<h1> Example of TabularDataset Index Issue </h1>

Azure's TabularDataset implementation introduces an index, \_\_index\_level_0\_\_ when creating or reading parquet files that were originally written by Pandas/Python.  This occurs when an index is unnamed but has been modified at some point; if an index is named we get an extra column with the same name as the index.

When making changes to datasets, this additional field causes Azure errors if not handled.  Depending on what's been done to the index of the original dataset, you may or may not get that additional field.

This notebook demonstrates those errors, which are unexpected when performing simple operations.  This code was originally run on Python3.6 in AzureML.

<h2> Pure Pandas Behavior </h2>
This section demonstrates that native Pandas functions are unaffected by the indexing issues.  When I ran this Notebook I had Pandas version 0.25.3, Numpy 1.18.5.   
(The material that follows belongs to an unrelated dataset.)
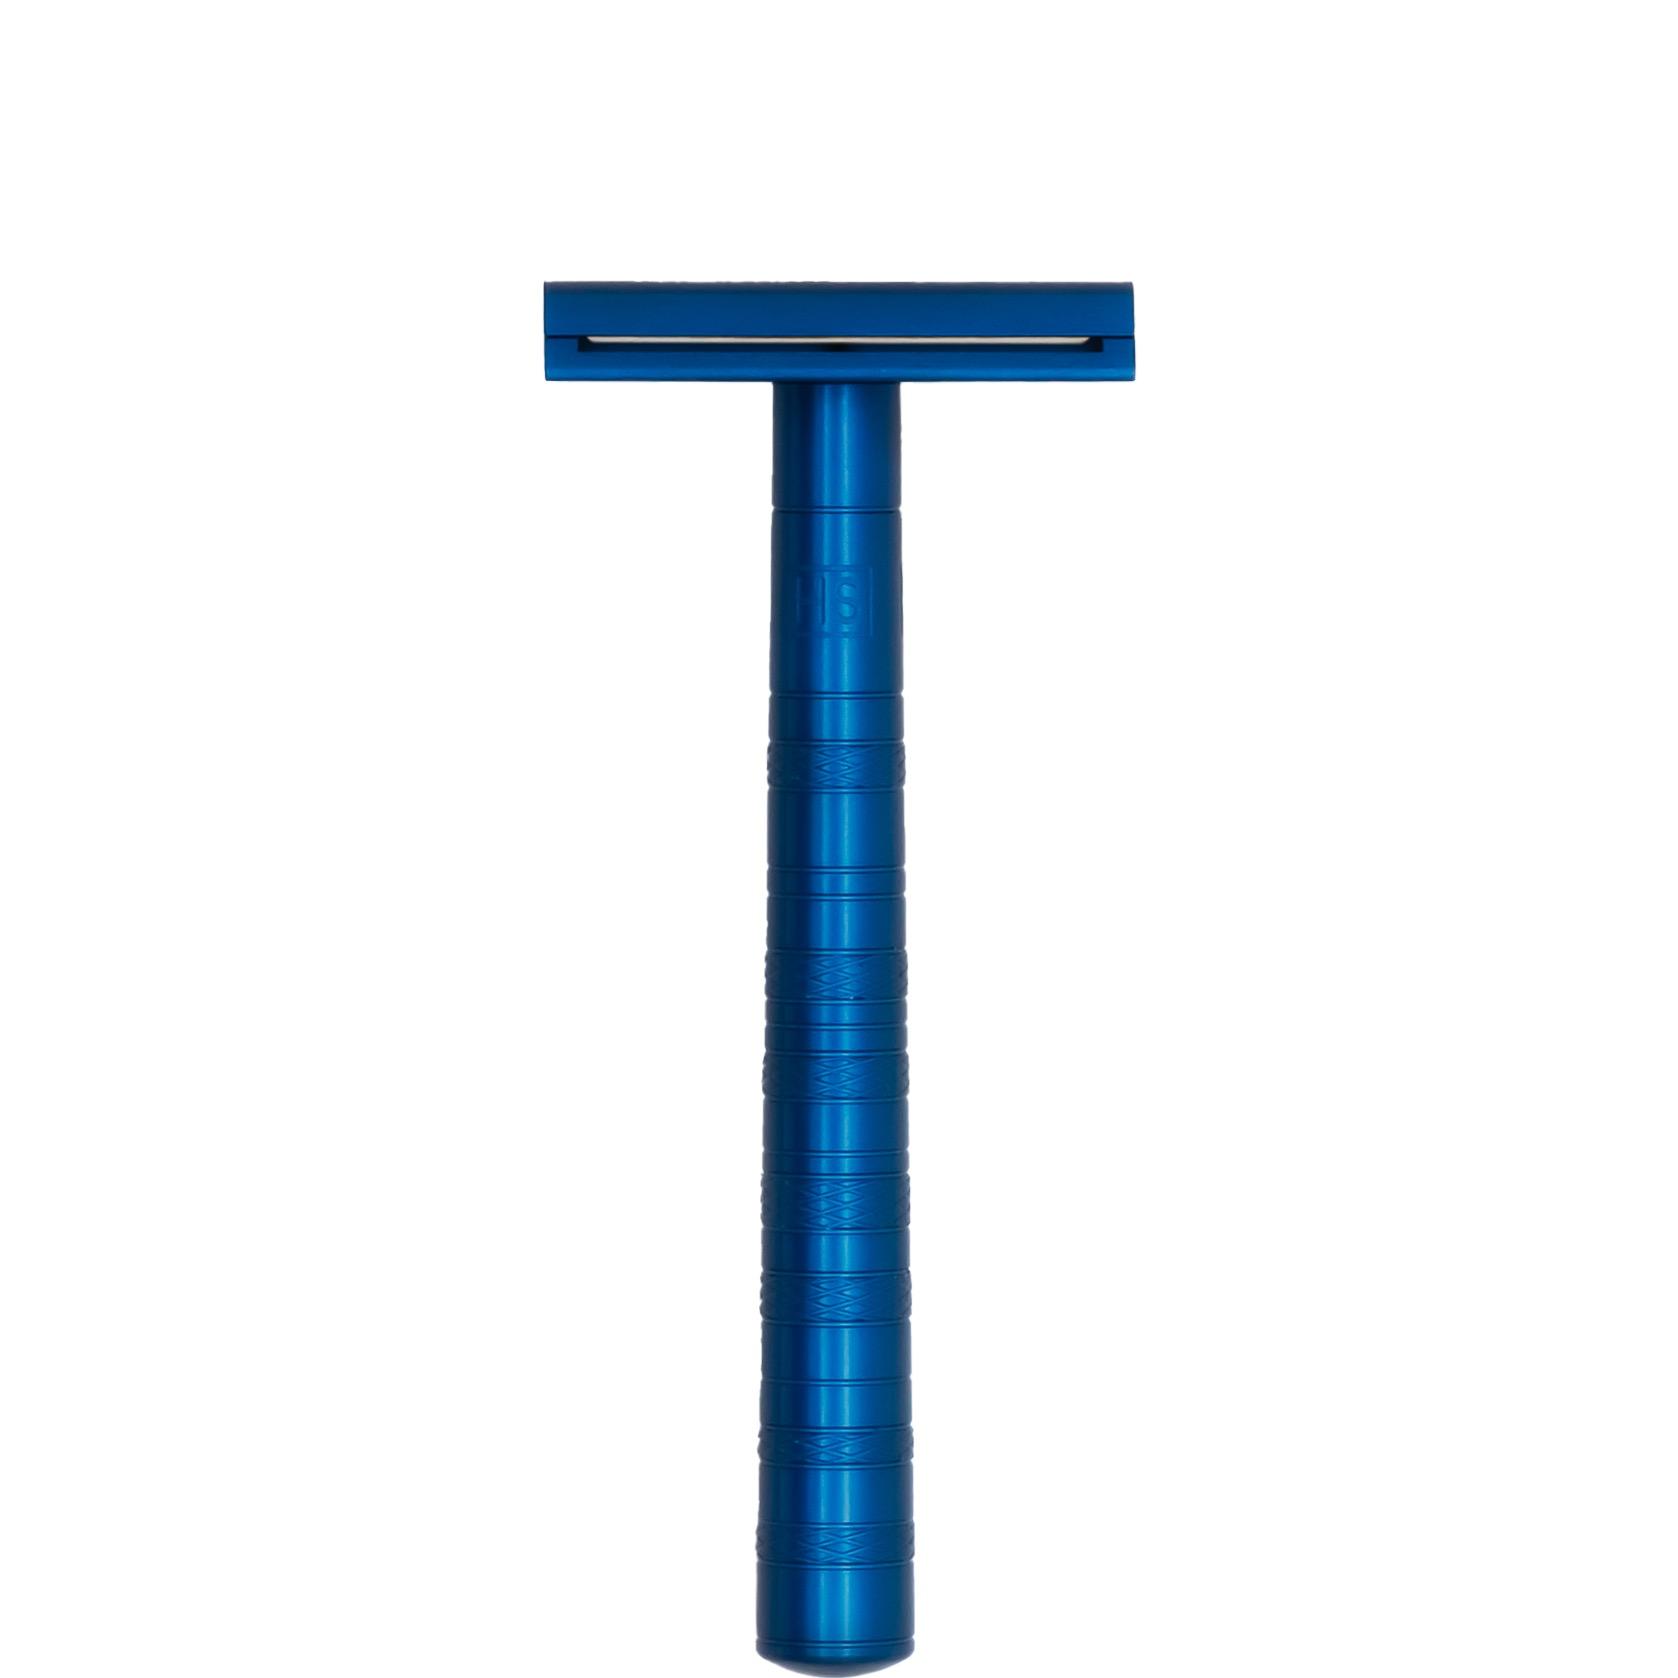 Safety Razor AL13 - Mild - Steel Blue
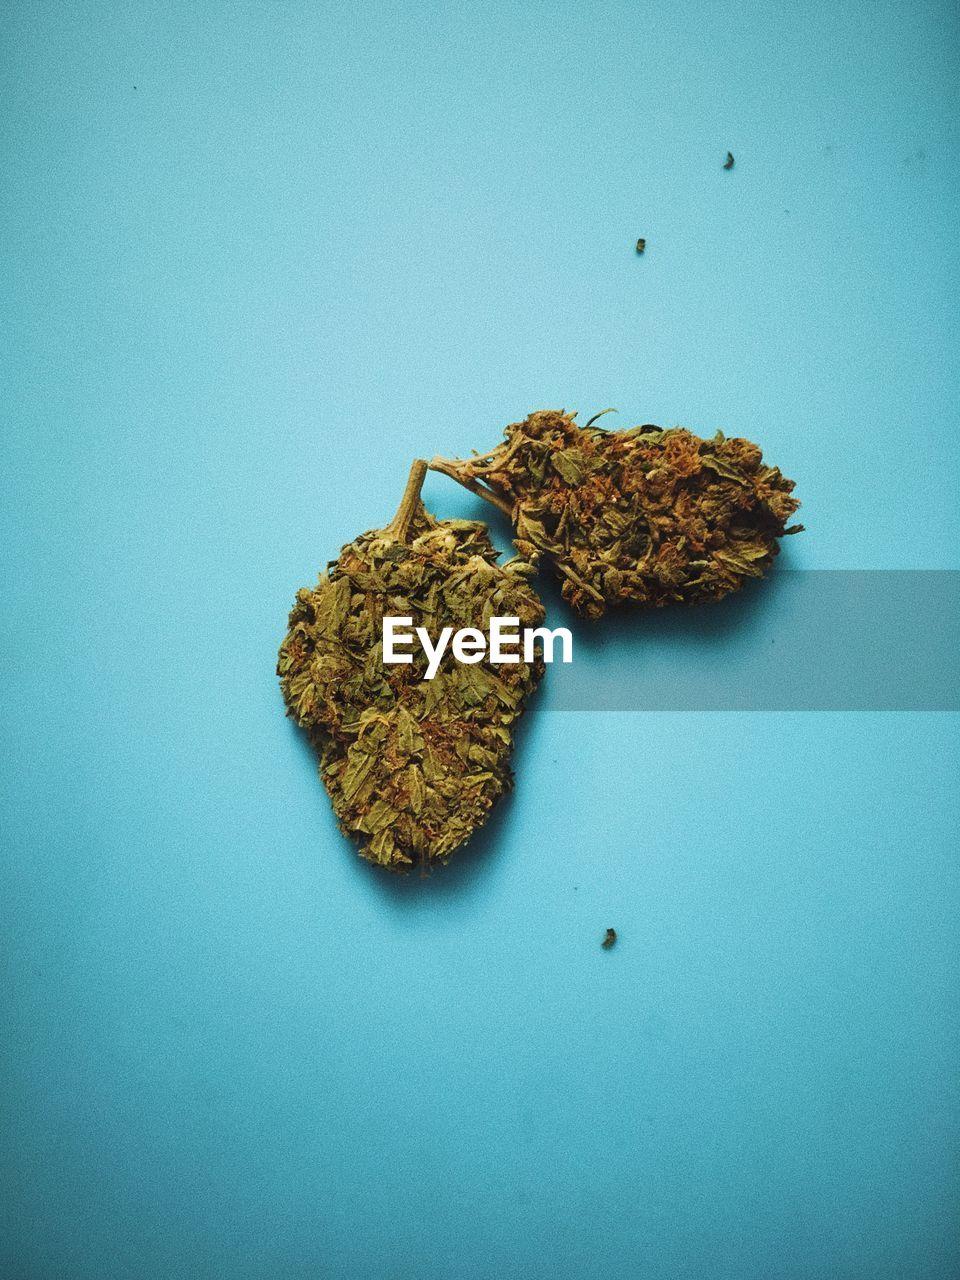 Close-Up Of Marijuana On Blue Table

The issue seems to occur with a non-default index.  If you have a named index, Azure will make it into a column rather than an index (pandas does not have this problem).  If your index is unnamed then you get errors related to df.index.name

In [54]:
import pandas as pd
pd.__version__

'0.25.3'

In [55]:
import numpy as np
np.__version__

'1.18.5'

In [56]:
# Directory into which you want to save the parquet files
base_dir = os.getenv('HOME')

In [64]:
# Create an example dataframe - reindex it and make the index unnamed
start_df = pd.DataFrame.from_dict({'i': list(range(200, 300)),
                                   'x': list(range(100)), 
                                   'y': np.random.randint(0,100,size=100)}) \
    .set_index('i') \
    .rename_axis(index=None)
start_df.head()

Unnamed: 0,x,y
200,0,34
201,1,53
202,2,61
203,3,32
204,4,49


In [65]:
# Save the data to parquet
start_df.to_parquet(os.path.join(base_dir, 'init.parquet'))

In [60]:
# Retrieve from parquet.  Verify no chanves
start2_df = pd.read_parquet(os.path.join(base_dir, 'init.parquet'))
start2_df.dtypes

x    int64
y    int64
dtype: object

In [47]:
# Sample rows and save to parquet again
end_df_correct = start_df.sample(5)
end_df_correct.to_parquet(os.path.join(base_dir, 'fin_pd.parquet'))

In [48]:
# Read from parquet
fin2_pd = pd.read_parquet(os.path.join(base_dir, 'fin_pd.parquet'))
fin2_pd.dtypes

x    int64
y    int64
dtype: object

Everything is fine.  I am able to read from parquet, modify, and write again with no strange effects

<h2> Azure Setup </h2>
I want to show the same series of operations via the Azure TabularDataset, but first I need to do some setup for the Azure Machine Learning environment.  You will need to use your own workspace, blob storage, etc. 

In [None]:
# Connect to workspace - use your own info here
from azureml.core.workspace import Workspace

ws = Workspace.get(name='YOUR-INFO-HERE', # Put in your own info
               subscription_id="YOUR-INFO-HERE",
               resource_group="YOUR-INFO-HERE")

In [23]:
# connect to a datastore - use your own info here
from azureml.core import Datastore
output_datastore = Datastore.get(ws, 'YOUR-INFO-HERE')

In [26]:
# Set a target path on your datastore where you want to save files
output_path = 'YOUR-INFO-HERE'

<h2> TabularDataSet Behavior </h2>
In this section I show a failure when the same set of operations is performed using the Azure TabularDataset wrapper

In [66]:
# Move the parquet file to the datastore
output_datastore.upload_files(files=[os.path.join(base_dir, 'init.parquet')],
                              target_path=output_path,
                              overwrite=True)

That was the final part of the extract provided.